Go to contents

Let’s plant apple trees today with tenacity

Posted August. 07, 2020 07:45,   

Updated August. 07, 2020 07:45

한국어

When asked to do experimental testing, students get dubious and say, “Would it make sense?” It takes a great deal of effort and time to put into finding the right answer but it leads you to the answer. Regrettably, even if you start anew, it is highly likely that you give up on it soon.

French author Jules Verne released a novel titled “From the Earth to the Moon” in 1867, describing a wild imaginary story of humans riding a cannonball to the moon. Around 100 years later, in 1969, the Apollo 11 landed on the moon. What is inspiringly amazing is not just about a sci-fi fragment of the novel’s imagination but about how open-minded people were to such an apparently absurd book. It is daring imagination that people need to sustain their life on the Earth. A while ago, it was surprising that the International Thermonuclear Experimental Reactor (ITER), an international nuclear fusion research and engineering megaproject, just came under construction. The mechanism of using nuclear fusion for electric generation in the ITER is the same as how the sun generates solar energy.

The megaproject dates back to 1985 when then-U.S. President Ronald Reagan and then-Soviet Union leader Mikhail Gorbachev agreed on a nuclear non-proliferation agreement. In some sense, it was lucky for South Korea to become an official member state of the ITER project back in 2003. The reactor is expected to be completed in 2025, and a series of testing on nuclear fusion generation will be carried out around 2040. Fifty five-year efforts will lead the project to the final line and come to fruition.

To be specific, all of the ITER project might have begun with the birth of quantum mechanics 100 years ago. Around the early 20th century, physicists started to find that solar energy derived from nuclear fusion. For example, New Zealand–born British physicist Ernest Rutherford discovered the nucleus of an atom in 1911 and British physicist James Chadwick proved neutrons in 1932. The sun up above the sky is a ball-shaped element composing of hydrogen. The burning sun can be explained by the process of how the atomic number 1 hydrogen turns into the atomic number 2 helium. The fusion of hydrogen to form helium leads to the loss of mass, which transforms into light and heat.

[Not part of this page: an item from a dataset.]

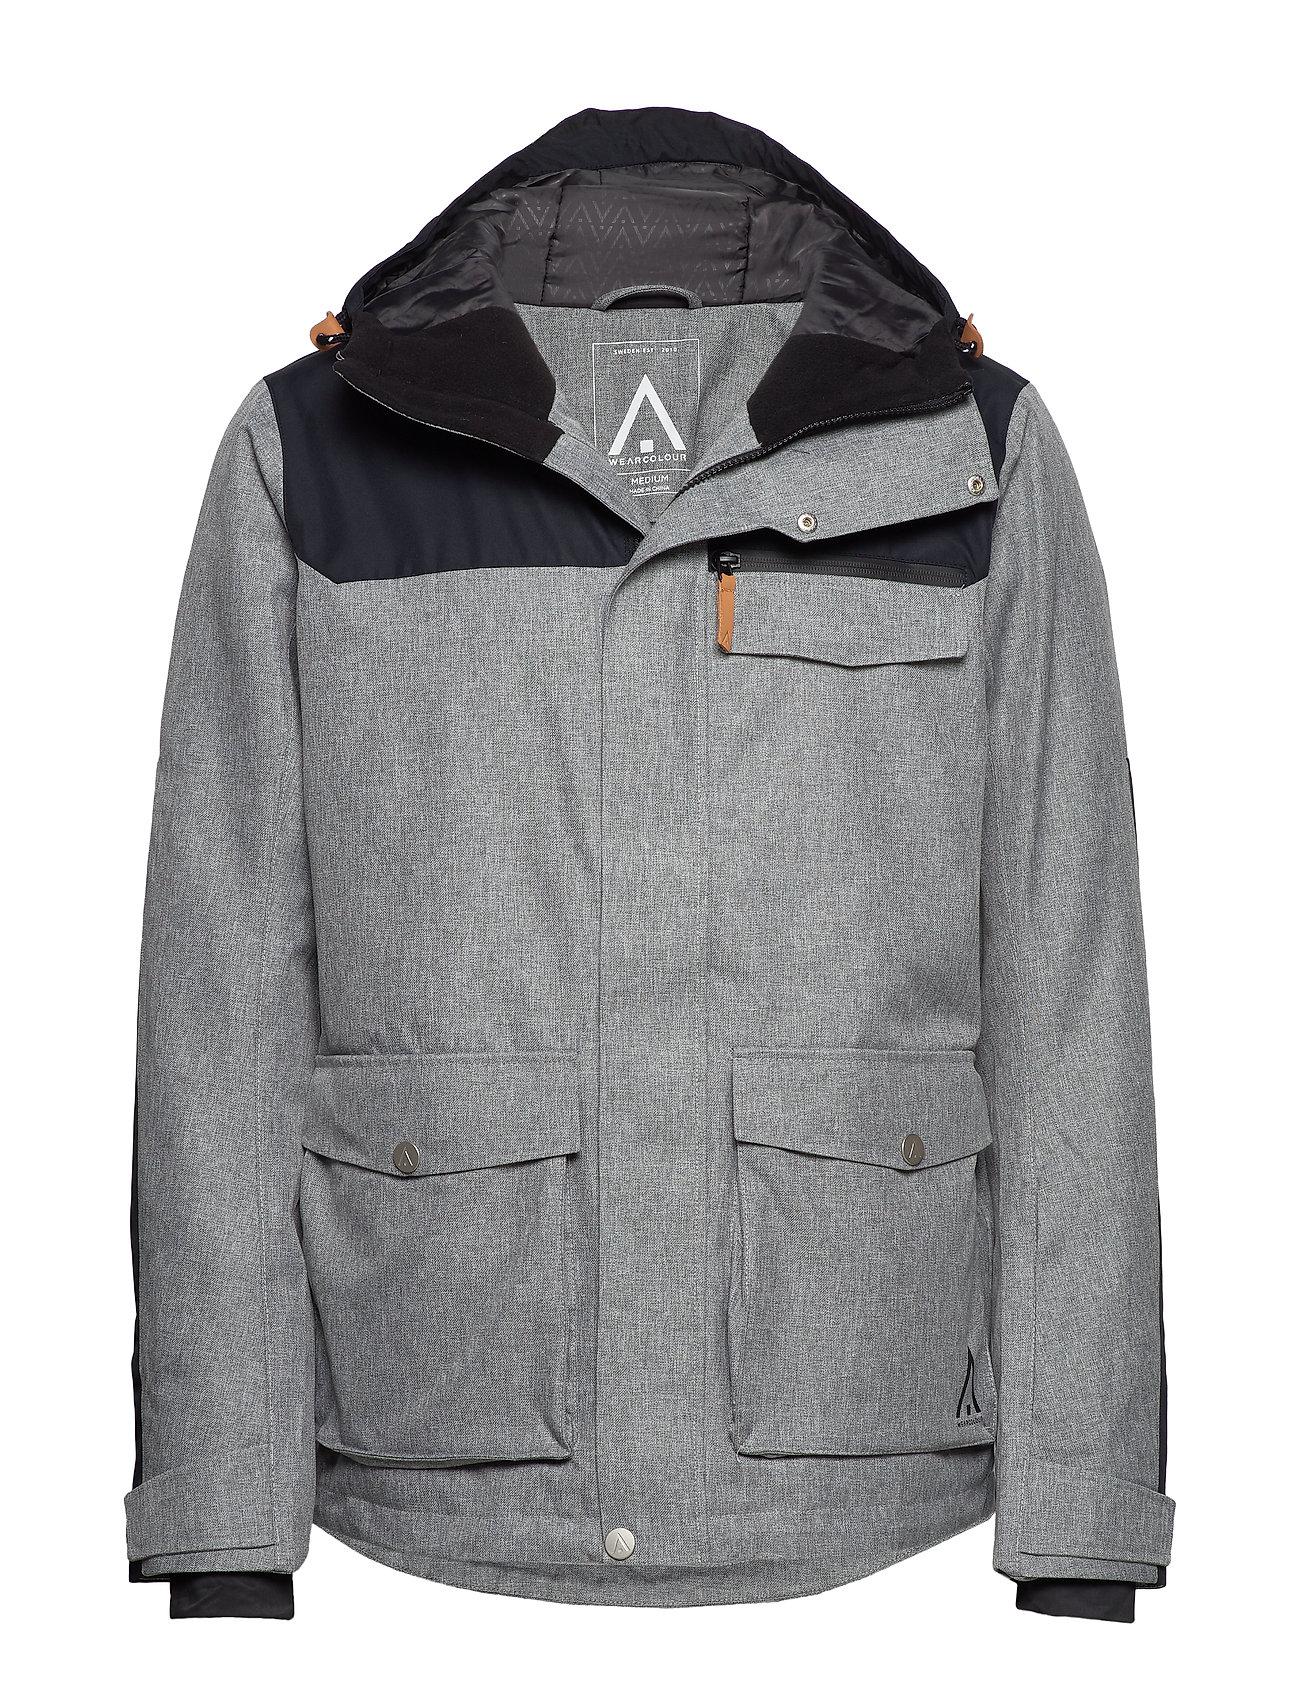 WearColour ROAM Jacket - GREY MELANGE

The physical backgrounds behind nuclear fusion energy were proved by Soviet-American George Gamow.

7.1 grams of hydrogen, the size of one and a half of cube sugar, carry out nuclear fusion to generate a larger amount of energy by 10 times than that produced by oil and coals for a year. The relationship between mass and energy is proved and explained by Albert Einstein’s “E=mc2,” or the theory of relativity. Nuclear fusion is by far the most effective energy generation source throughout human history. As nuclear fusion does not pollute air and pose a safety risk to humans, it differentiates itself from nuclear energy plants.

Every single day is full of unpredictable events. Viral attacks are only growing to threaten humanity. Even if life on the Earth is just like a war, it will go on. All of such adversity makes it more important for us to look into the coming years and head toward better days to come, as if we planted apple trees on the battlefield.